Phase I Environmental Site Assessment (ESA)
A Phase I property site assessment is a due diligence procedure that both buyers and sellers conduct to identify past and present environmental liabilities. A Phase I can prevent future litigation over a real estate transaction by openly disclosing environmental issues.
Phase 1 Environmental Site AssessmentA Phase I ESA is meant to identify the potential for impacts by hazardous or toxic materials and to identify other possible environmental constraints on the site. No environmental sampling or analysis is conducted under the Phase I scope of work. The form and content of an ESA will follow the form and content as outlined in ASTM standard E 1527-13. The results of the Phase I ESA will be used to evaluate whether or not further study (such as a Phase II ESA) is warranted.
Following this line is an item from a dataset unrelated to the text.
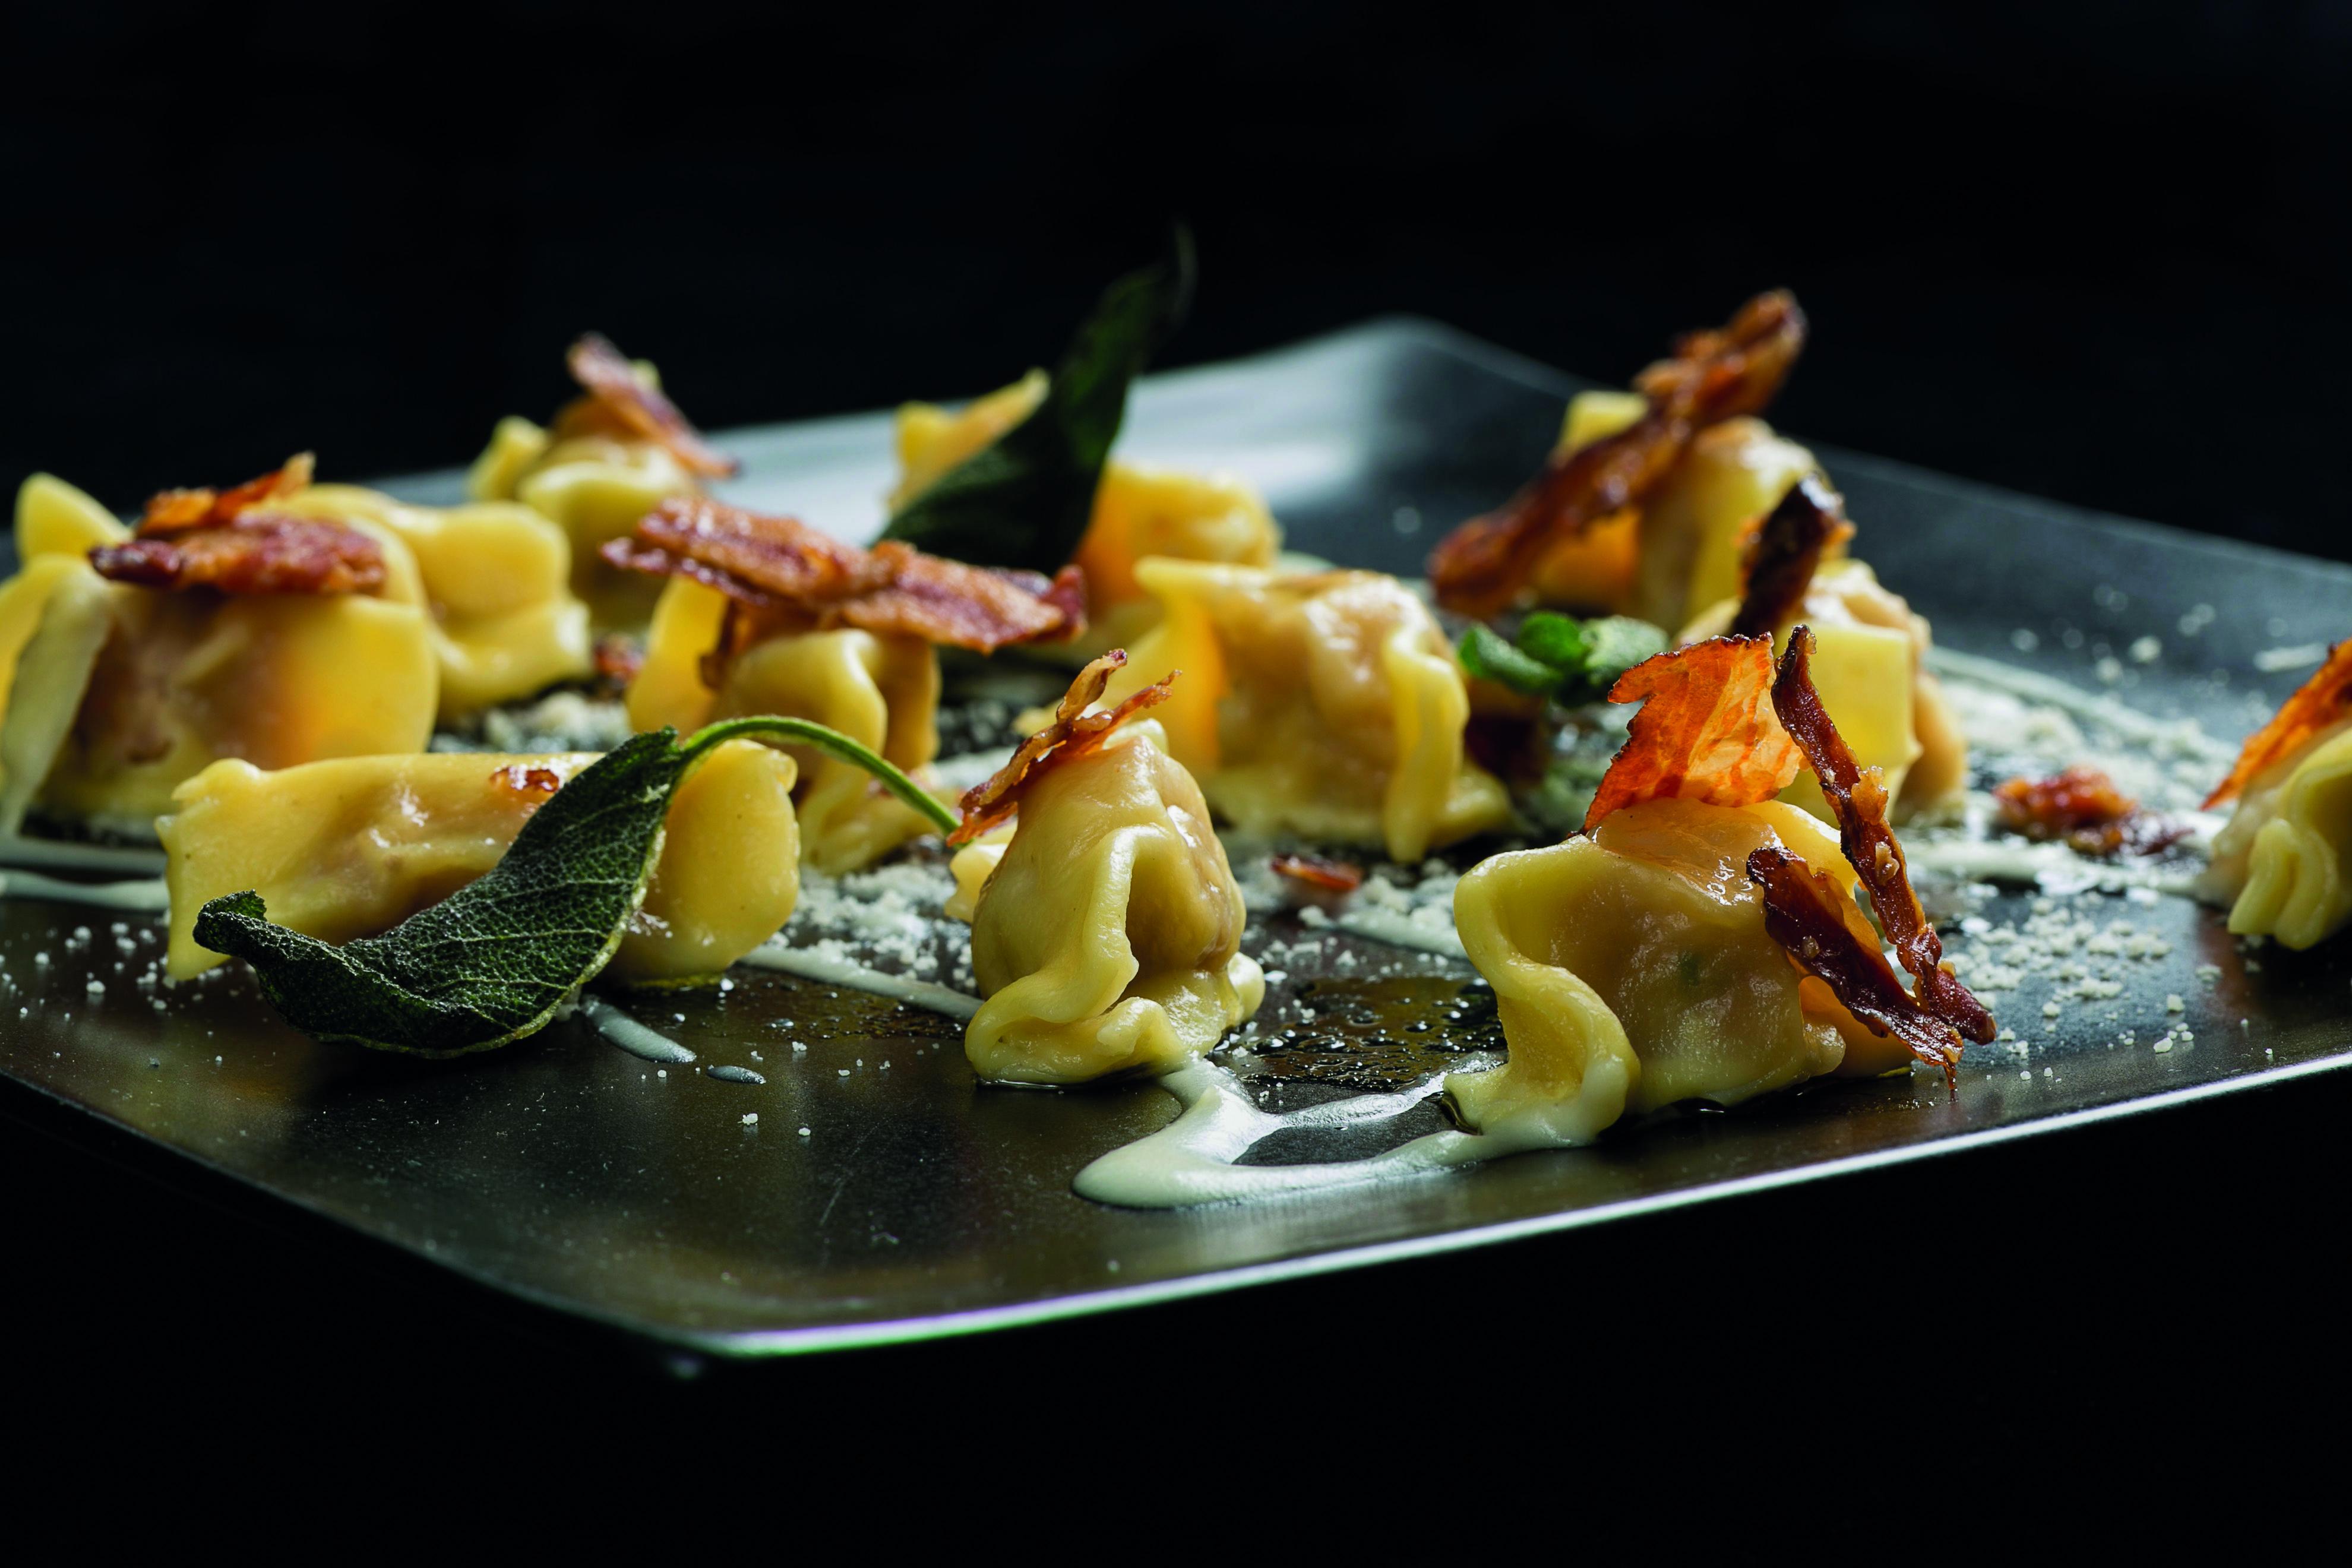 La nostra carta menù cambia: scopri tutti i piatti nuovi!

To obtain and develop the information required for the Phase I ESA of a property in a timely and efficient manner, the following scope of work is typically conducted as indicated by the availability, relevancy, and adequacy of the background information, and by the environmental consultant’s best field judgment.
The Phase I is a property assessment that includes a walkover of the property and associated structures; a review of historic property information including maps, aerial photographs, deeds, telephone or address directories, etc.; a review of potentially impacted properties in the vicinity; a summary of knowledgeable party information and review of prior reports; and the review of local, State and Federal files pertaining to the property address.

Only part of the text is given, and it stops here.